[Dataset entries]
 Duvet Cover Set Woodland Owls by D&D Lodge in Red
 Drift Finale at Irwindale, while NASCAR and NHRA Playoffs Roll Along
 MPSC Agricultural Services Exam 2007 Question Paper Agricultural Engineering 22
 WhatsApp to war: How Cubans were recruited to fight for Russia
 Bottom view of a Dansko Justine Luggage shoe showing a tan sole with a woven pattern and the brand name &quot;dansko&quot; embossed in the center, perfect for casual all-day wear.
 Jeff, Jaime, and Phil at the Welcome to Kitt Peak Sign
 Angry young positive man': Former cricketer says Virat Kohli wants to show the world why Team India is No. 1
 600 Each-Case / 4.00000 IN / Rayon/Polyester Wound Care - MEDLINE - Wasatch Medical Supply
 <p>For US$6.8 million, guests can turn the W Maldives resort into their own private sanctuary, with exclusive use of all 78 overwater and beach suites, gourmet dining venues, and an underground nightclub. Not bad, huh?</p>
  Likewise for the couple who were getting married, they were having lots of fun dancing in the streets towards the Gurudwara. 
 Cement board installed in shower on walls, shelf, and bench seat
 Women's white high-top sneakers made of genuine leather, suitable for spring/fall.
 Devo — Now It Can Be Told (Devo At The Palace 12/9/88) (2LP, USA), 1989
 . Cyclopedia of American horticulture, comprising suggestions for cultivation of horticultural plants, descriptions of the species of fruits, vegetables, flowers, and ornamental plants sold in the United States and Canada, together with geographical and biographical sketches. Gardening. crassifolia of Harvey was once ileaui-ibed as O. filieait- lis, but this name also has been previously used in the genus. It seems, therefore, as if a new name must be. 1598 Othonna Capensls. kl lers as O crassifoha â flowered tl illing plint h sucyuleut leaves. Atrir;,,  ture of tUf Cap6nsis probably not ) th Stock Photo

ABOUT THIS TASK
Nothing beyond the line that contains "WhatsApp to war: How" belongs in the answer; reproduce the entries exactly from their first line through it.

SOLUTION
 Duvet Cover Set Woodland Owls by D&D Lodge in Red
 Drift Finale at Irwindale, while NASCAR and NHRA Playoffs Roll Along
 MPSC Agricultural Services Exam 2007 Question Paper Agricultural Engineering 22
 WhatsApp to war: How Cubans were recruited to fight for Russia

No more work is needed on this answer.